[Start of section]

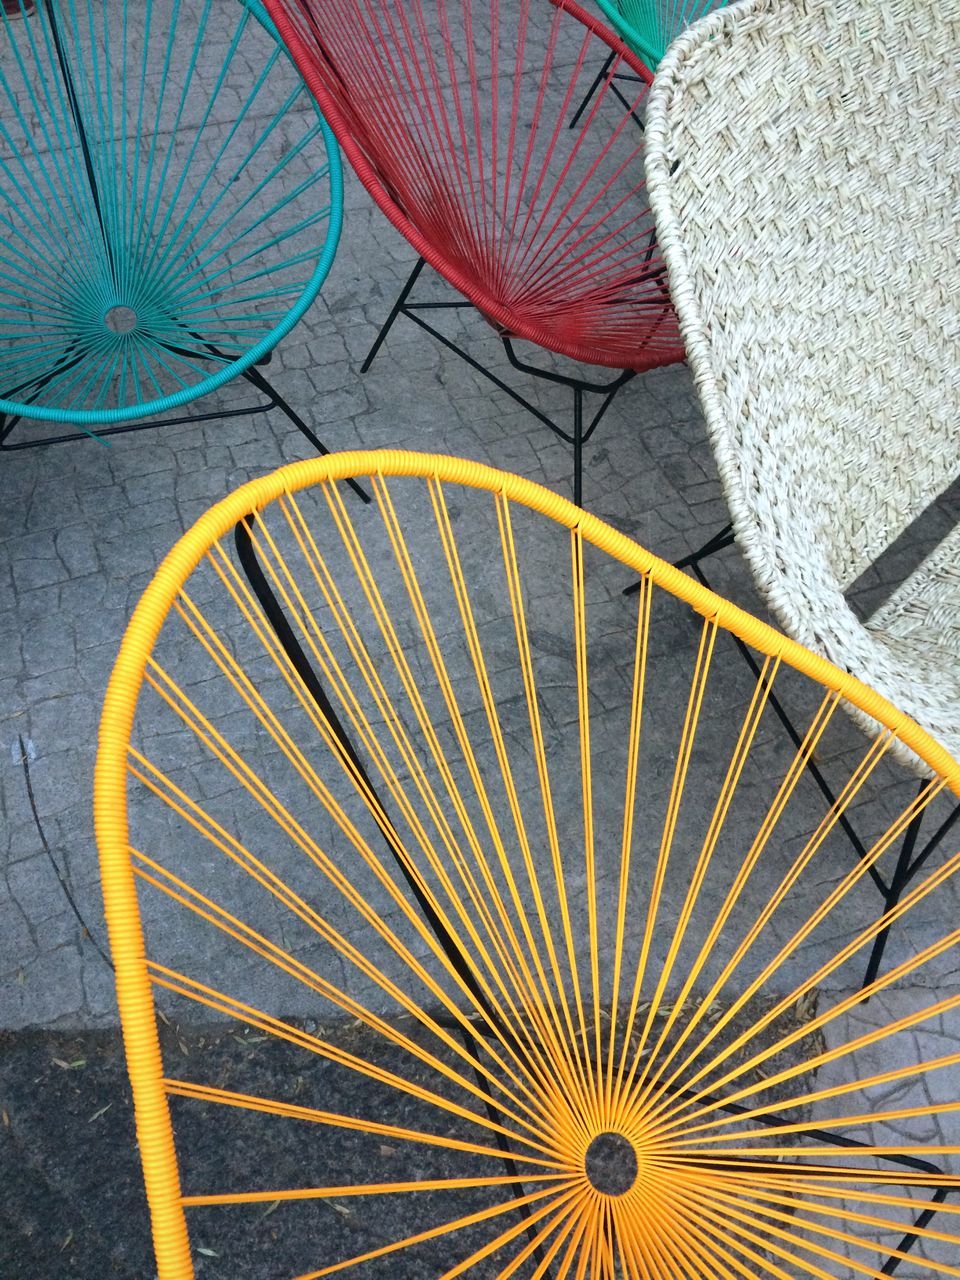 no people, day, high angle view, pattern, protection, multi colored, security, outdoors, still life, close-up, art and craft, parasol, design, yellow, absence, chair, wheel, spoke, choice, foldable
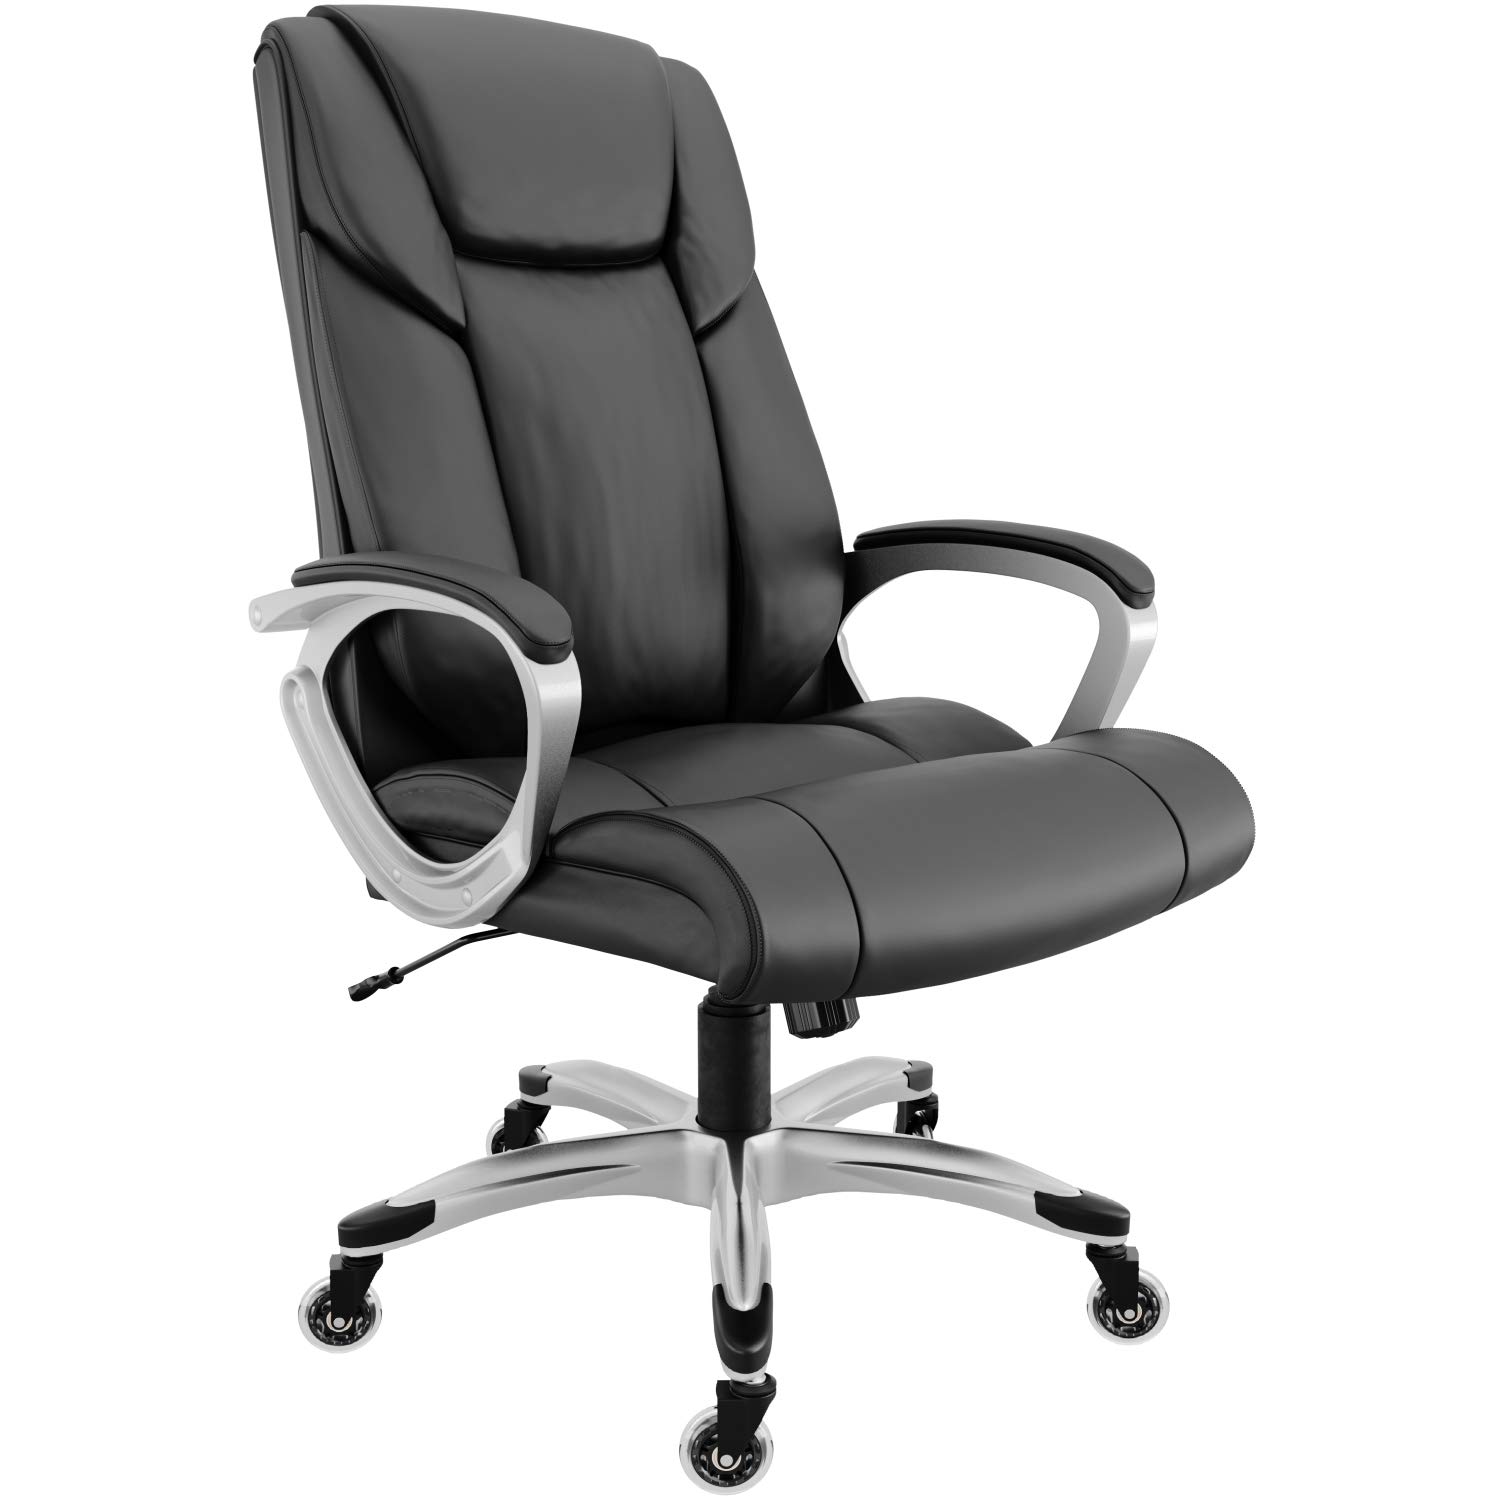  RIF6 Executive Chair with Superior Inline Skate Caster Wheels – Heavy Duty Office Chair with Premium Gas Lift – Comfortable High Back Bonded Leather Gaming Chair with Tilt and Seat Height Adjustment...
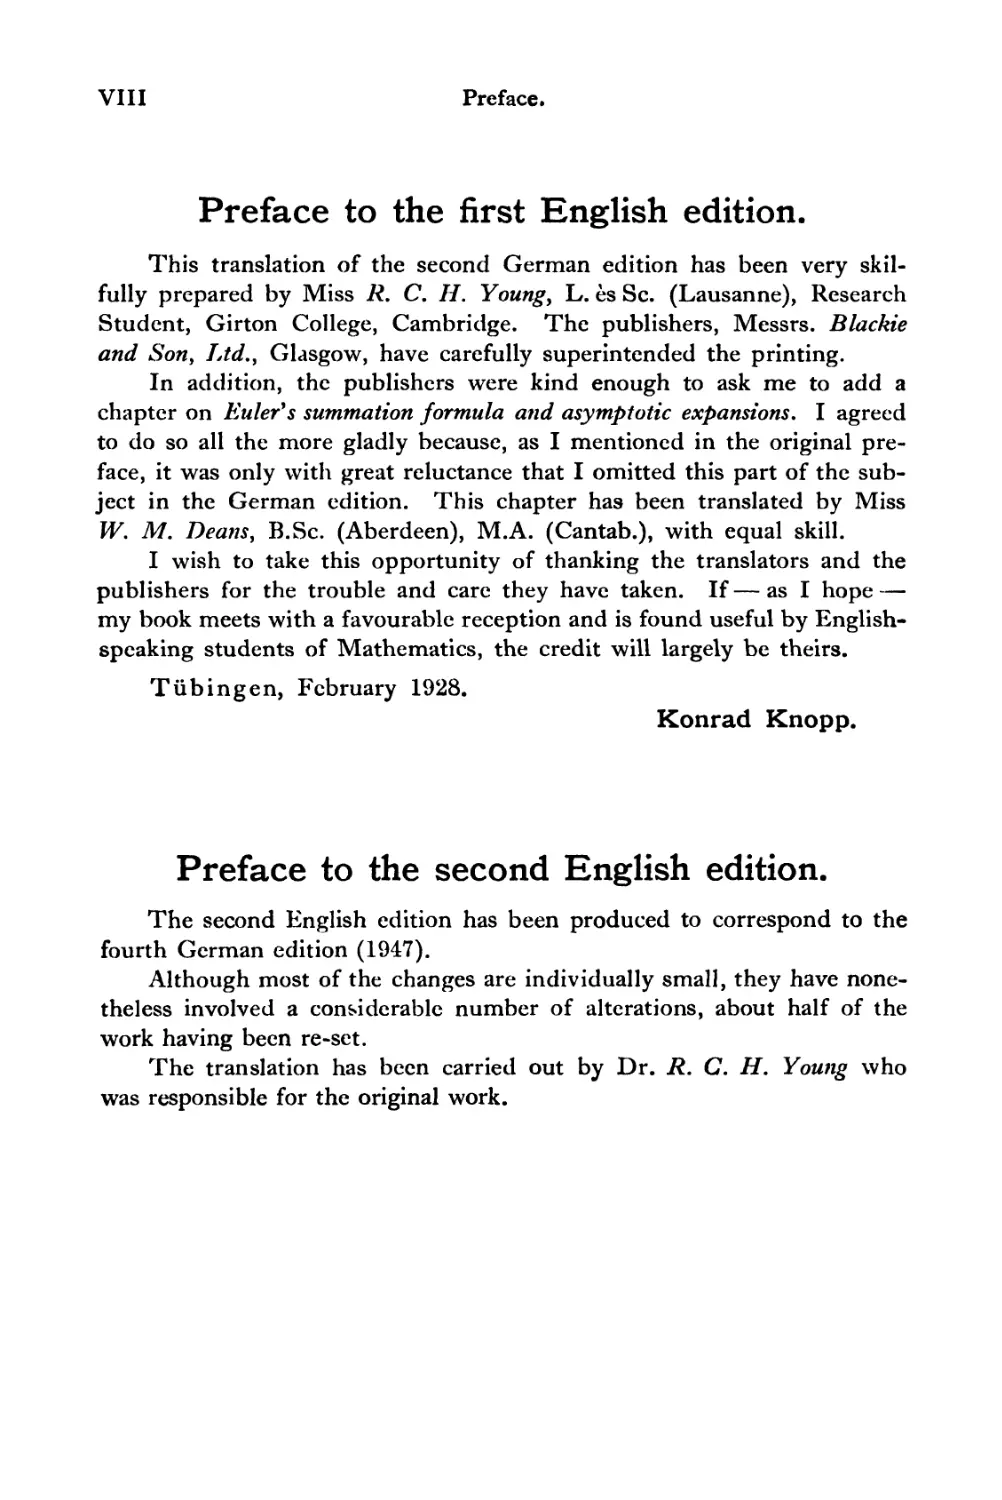 Preface to the first English edition
Preface to the second English edition
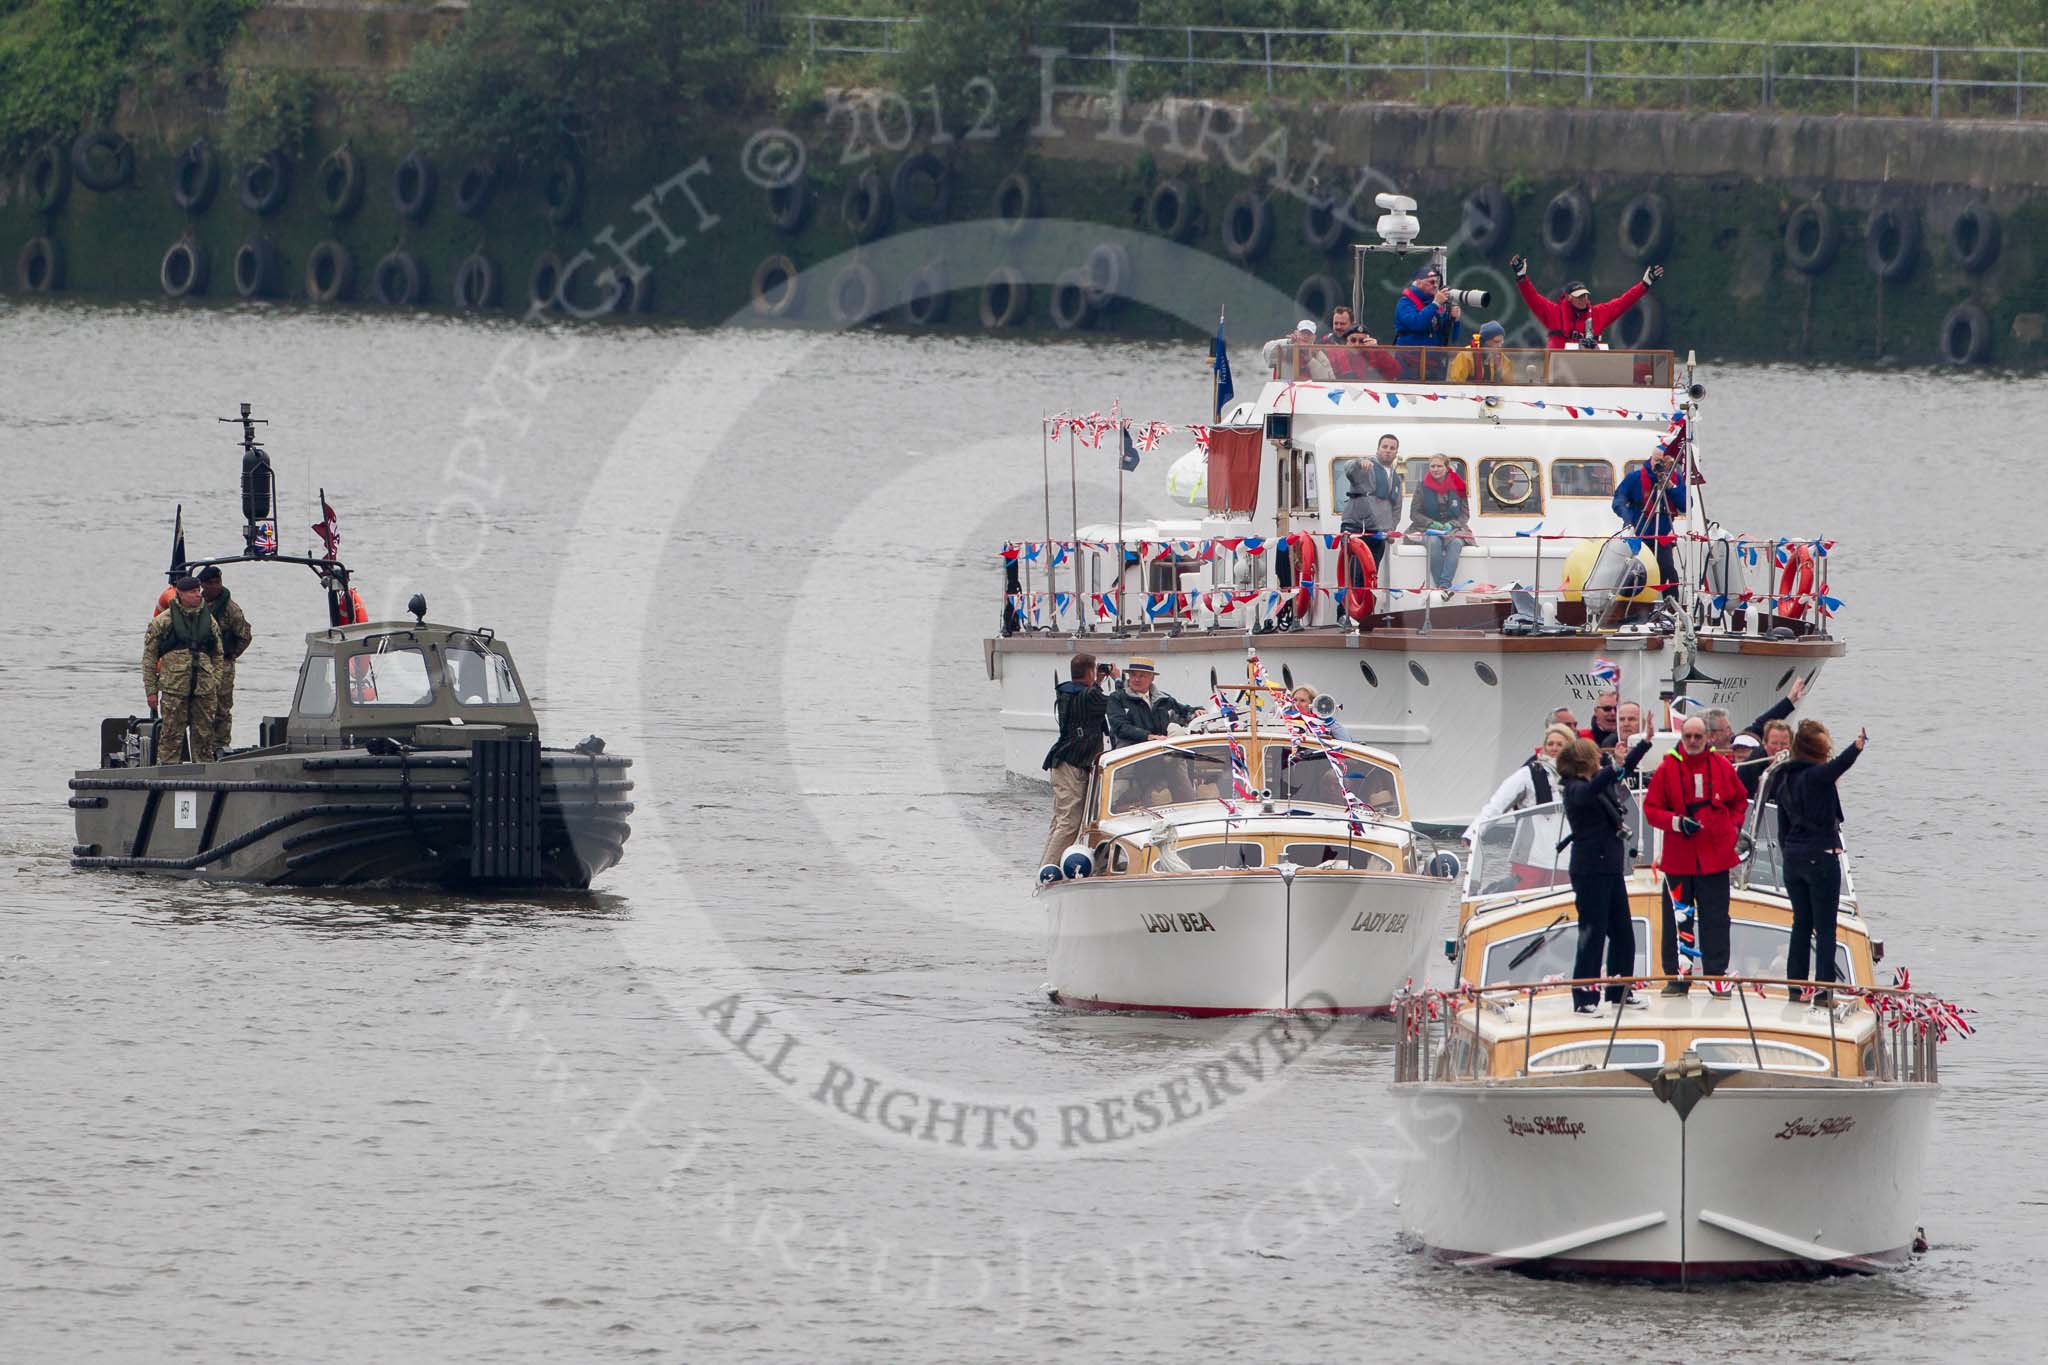 Thames Diamond Jubilee Pageant: LAUNCHES- Louis Phillipe (H52), Lady Bea (H56) and FORCES Amiens RASC (H61) and  Combat Support Boat (H59)..
River Thames seen from Battersea Bridge,
London,

United Kingdom,
on 03 June 2012 at 15:20, image #326

[End of section]

When copying the records, reproduce every entry exactly and omit all pictures.

 no people, day, high angle view, pattern, protection, multi colored, security, outdoors, still life, close-up, art and craft, parasol, design, yellow, absence, chair, wheel, spoke, choice, foldable
  RIF6 Executive Chair with Superior Inline Skate Caster Wheels – Heavy Duty Office Chair with Premium Gas Lift – Comfortable High Back Bonded Leather Gaming Chair with Tilt and Seat Height Adjustment...
 Preface to the first English edition
Preface to the second English edition
 Thames Diamond Jubilee Pageant: LAUNCHES- Louis Phillipe (H52), Lady Bea (H56) and FORCES Amiens RASC (H61) and  Combat Support Boat (H59)..
River Thames seen from Battersea Bridge,
London,

United Kingdom,
on 03 June 2012 at 15:20, image #326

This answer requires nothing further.